Mercredi, la ministre Vallée a révélé que son ministère n'a jamais été sollicité par le gouvernement de Pauline Marois pour rendre un avis juridique formel sur la constitutionnalité du projet de loi 60. Rien n'a été trouvé à ce sujet par la sous-ministre adjointe.

Le PQ rétorque que, même s'il n'a pas demandé d'avis formels, des juristes ont attesté de la solidité des assises juridiques de la charte, dont Me Henri Brun, professeur à la Faculté de droit de l'Université Laval, l'ancienne juge de la Cour suprême Claire L'Heureux-Dubé et Julie Latour, ex-bâtonnière du Barreau de Montréal.

L'automne dernier, le ministre péquiste de la Justice, Bertrand St-Arnaud, avait refusé de rendre publics les avis juridiques sur la charte. Il invoquait le caractère confidentiel de tels avis et affirmait que jamais ceux-ci n'étaient divulgués.

La chef Pauline Marois a aussi fait référence à ces avis durant la campagne électorale pour expliquer qu'un gouvernement péquiste pourrait recourir à la clause dérogatoire afin d'éviter que la charte soit contestée devant les tribunaux. 
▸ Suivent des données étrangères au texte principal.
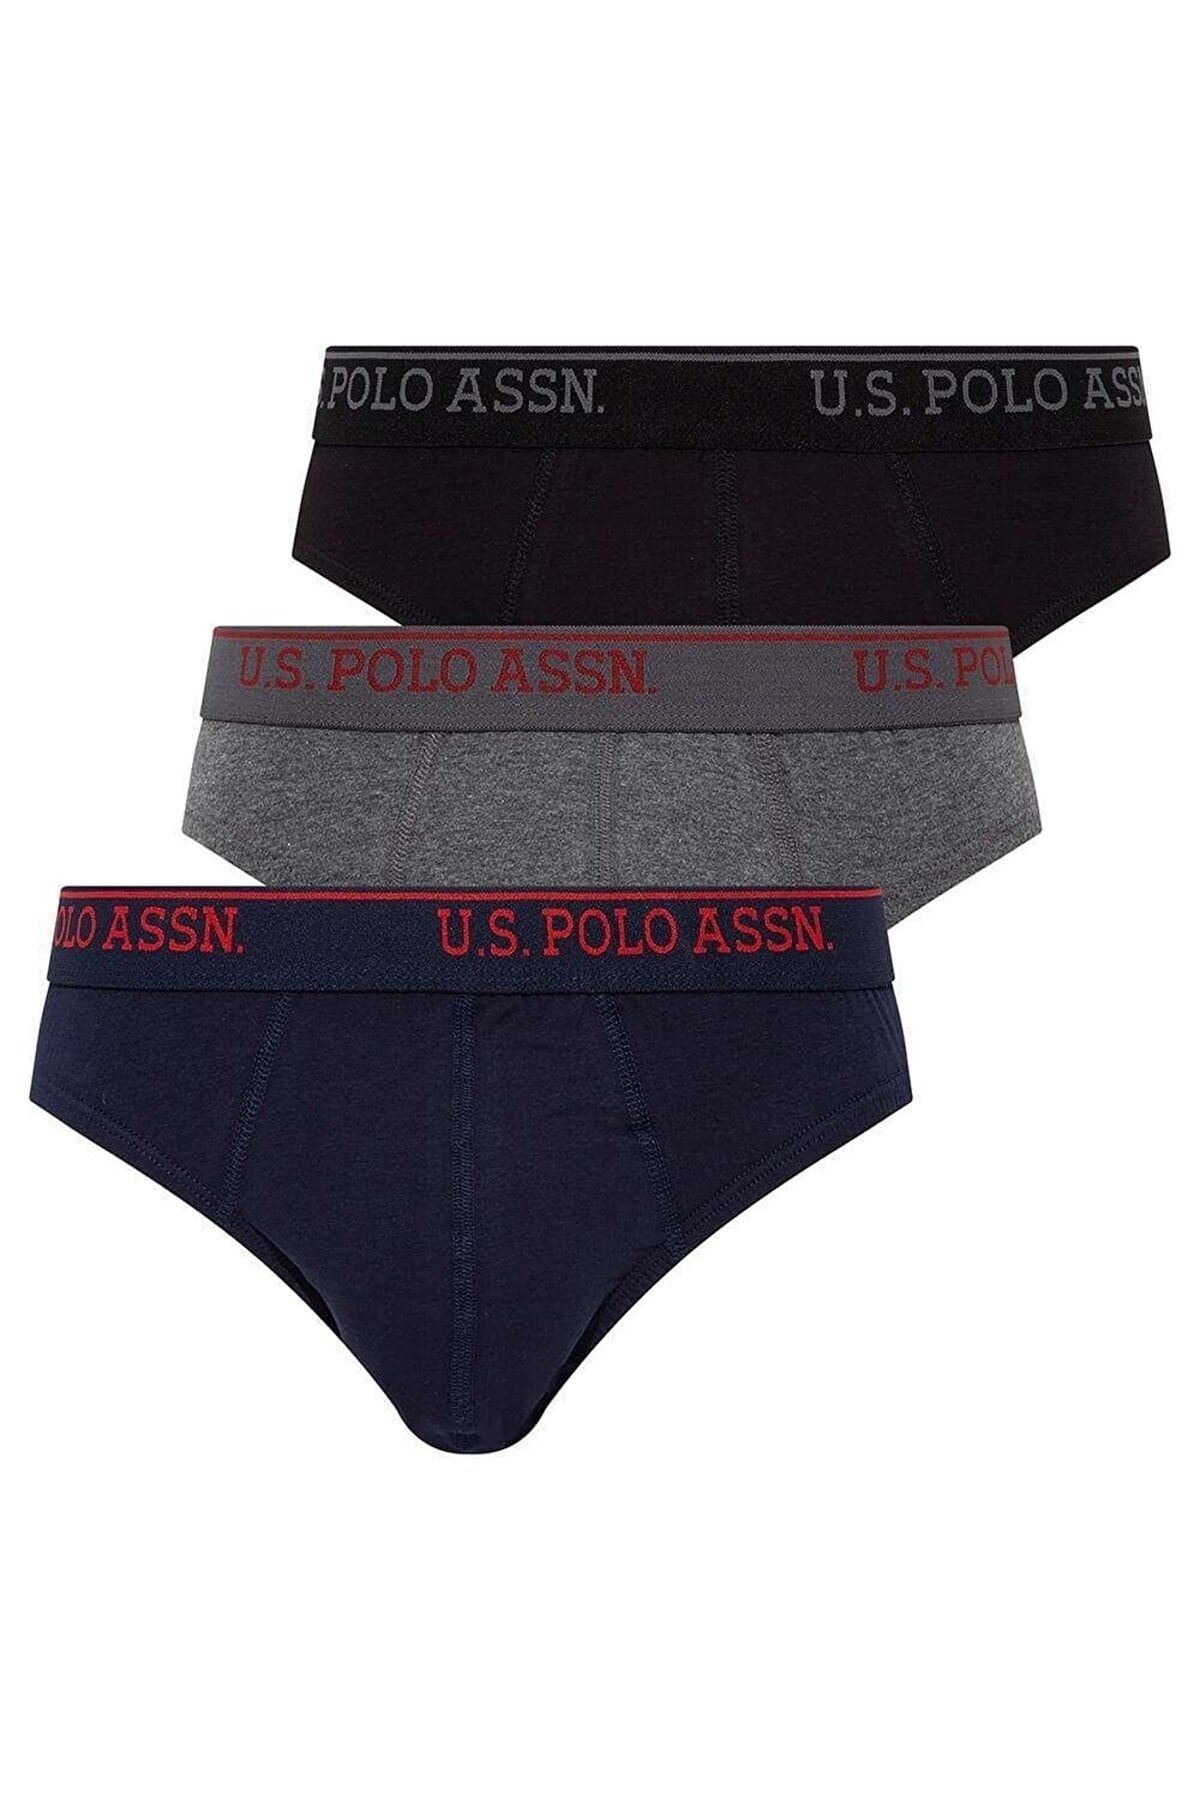 U.S. Polo Assn. Erkek Siyah - Antrasit Melanj - Lacivert 3 Lü Slip

La ministre Vallée se demande maintenant à quoi M. St-Arnaud et Mme Marois faisaient référence. Elle soutient que des opinions livrées dans la sphère publique ou dans des mémoires en commission parlementaire ne constituent pas des avis juridiques. 

Pendant la campagne électorale, le chef libéral Philippe Couillard s'était engagé à divulguer les avis s'il était élu.

Le Parti libéral du Québec proposera son propre projet de loi sur la laïcité à partir des conclusions du comité présidé par le député libéral Gilles Ouimet, ancien bâtonnier du Québec.